Mr. Kronenberger testified at the final hearing. He testified that Petitioner constantly complained about someone not liking him or picking on him. Petitioner never gave him specifics as to what happened. Mr. Kronenberger stated that Petitioner never complained about racial slurs or that any of his alleged mistreatment had a discriminatory element. It was always, “This person doesn’t like me.”
Petitioner had issues with tardiness and absenteeism throughout his employment with Dillard’s. Mr.

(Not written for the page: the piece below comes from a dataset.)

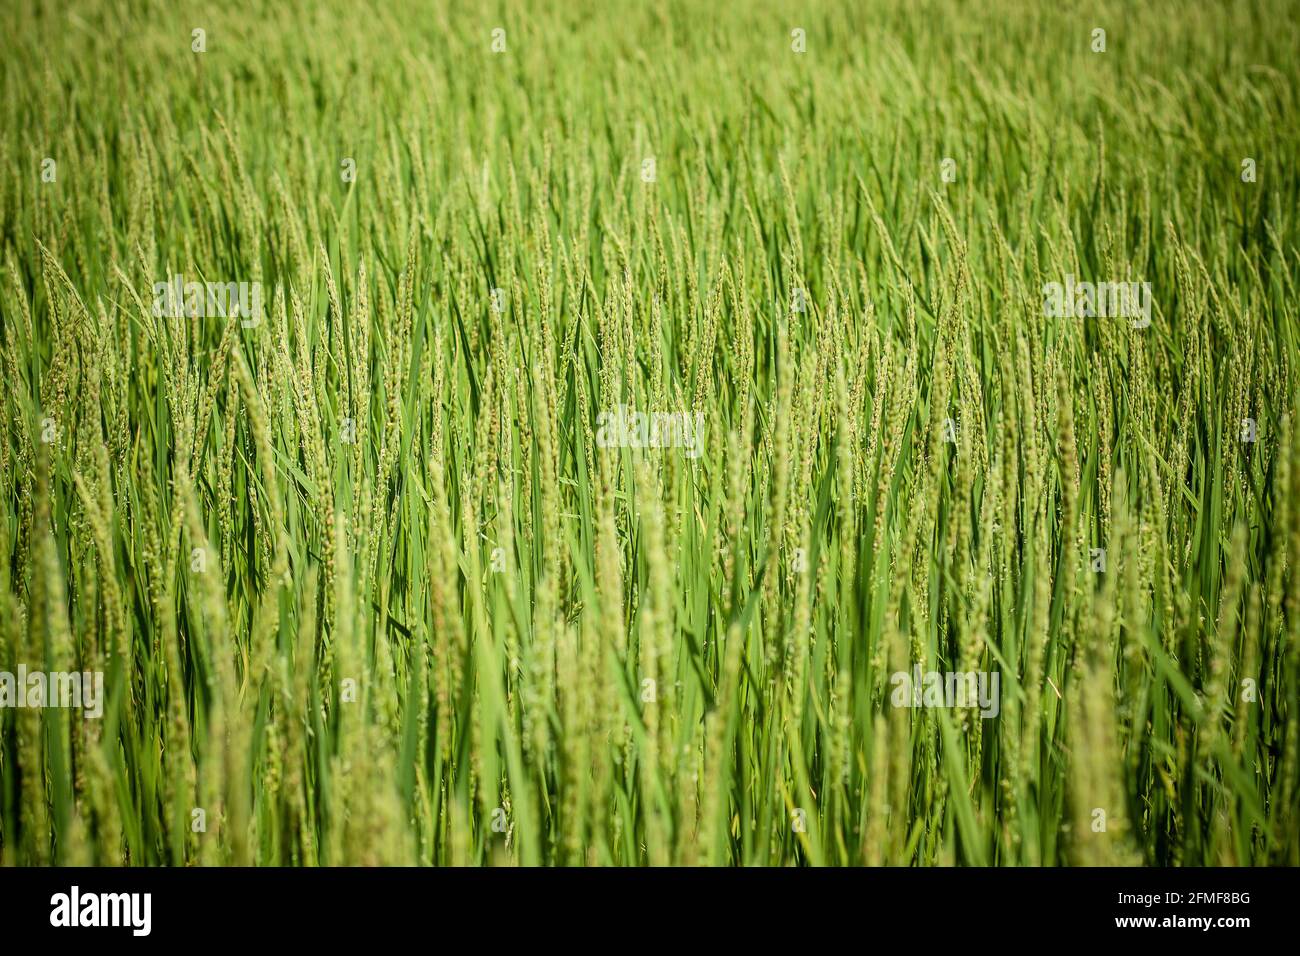 Rice plants in green color covering the entire frame and with shallow depth of field Stock Photo

Kronenberger testified that there would be days when Petitioner simply would not show up for work, or would send a text message to
Mr. Kronenberger saying that he had things to do or someone he had to meet. Employment records submitted by Dillard’s supported the contention that Petitioner was frequently late for, or absent from, work.

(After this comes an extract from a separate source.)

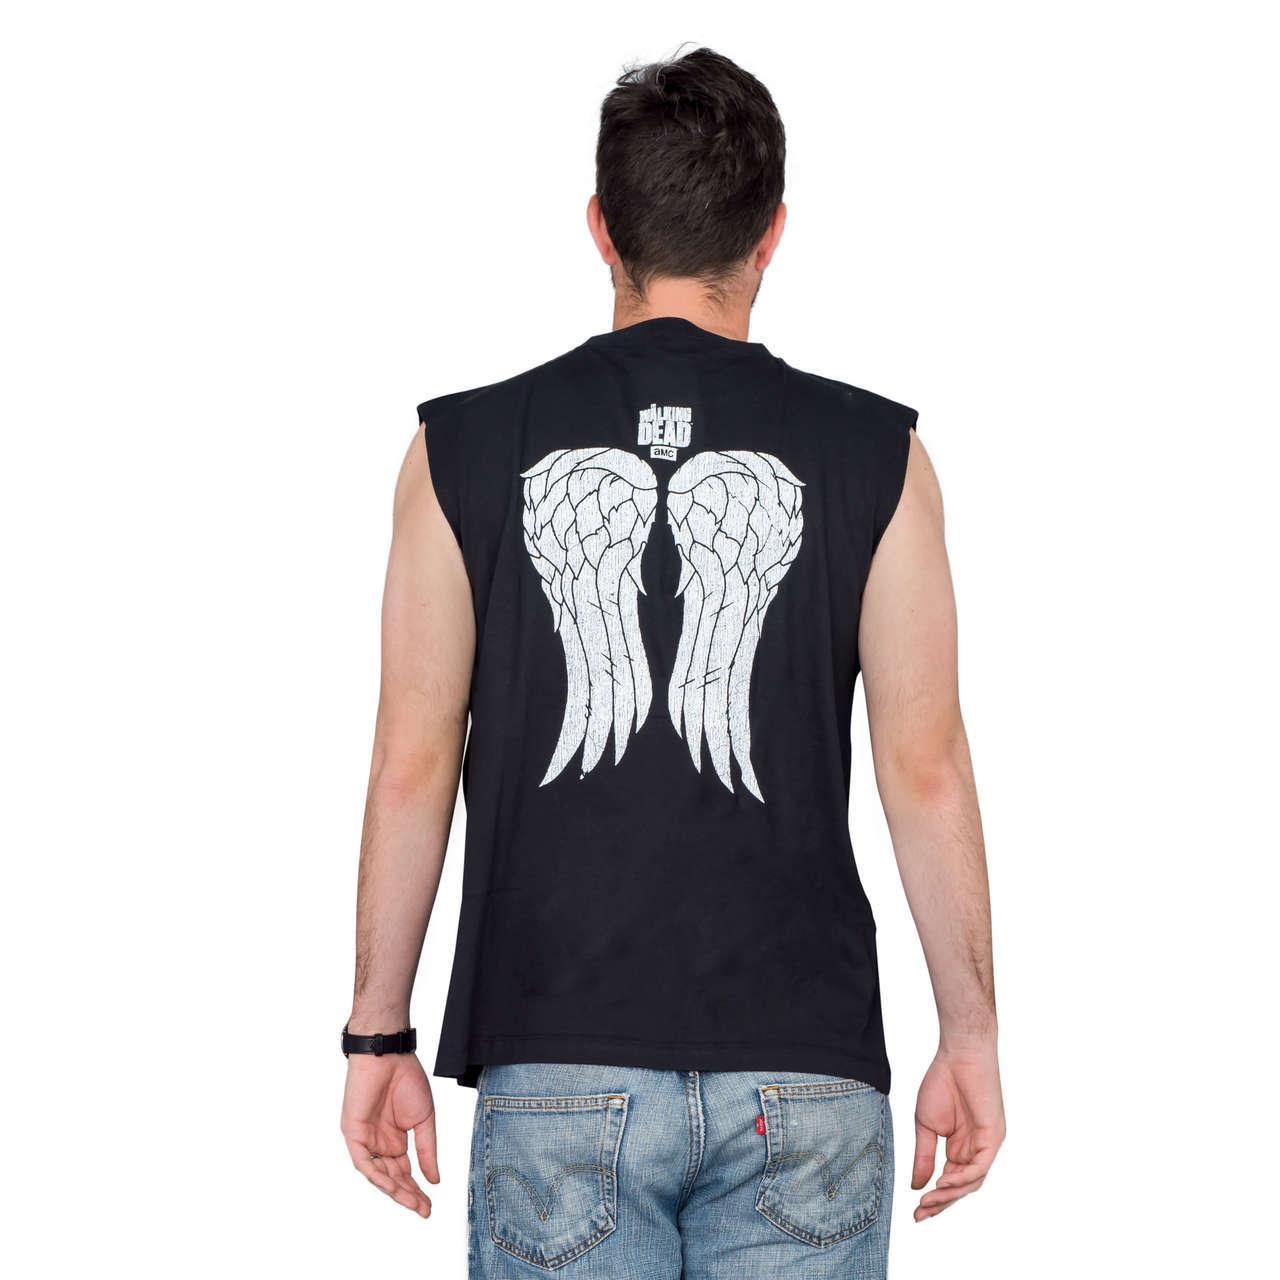 The Walking Dead Sorry Brother Tank Top T-Shirt-tvso

Mr. Kronenberger testified that Petitioner was erratic in his communications. Petitioner would send a text message saying he could not come in. Then he would send a text telling Mr. Kronenberger how happy he was to have the job.
Mr. Kronenberger recalled once receiving a text from Petitioner at midnight that read, “I know I’ve been bad.”
In November 2015, Petitioner had six unexcused absences, including four consecutive days from November 21 through 24. Mr. Kronenberger testified that Petitioner finally admitted that he needed to cut his hours in order to qualify for some form of public assistance. Mr. Gustason told Petitioner that something could be worked out to cut his hours, but that just not showing up for work was unfair to Mr. Kronenberger and the other employees.
Mr. Kronenberger testified that Dillard’s would normally terminate an employee with six unexcused absences in one month under the heading of job abandonment. He stated that Mr. Gustason bent over backward to work with Petitioner and keep him on the job. When Petitioner was absent, Mr. Gustason would leave messages for him, asking him to call and let him know what was going on.
During the string of November absences,
Mr. Kronenberger phoned Petitioner, who said that he was afraid to come into work for fear that Mr. Gustason would fire him.
Mr. Kronenberger assured Petitioner that Mr. Gustason had no such intent, but that in any event no one would have to fire him because he had not been to work in a week. Petitioner was effectively “firing himself” by abandoning his position.
Petitioner showed up for work on November 25, 2015, at 4:50 p.m. He had been scheduled to come in at 9:45 a.m.
Mr. Kronenberger testified that he was not present for Petitioner’s altercation with Ms. Yao, but that Ms. Yao reported she had attempted to counsel Petitioner about gifts with purchases. The promotional gifts were to be given away only with the purchase of certain items, but Petitioner was apparently disregarding that restriction and giving the gifts with non-qualifying purchases.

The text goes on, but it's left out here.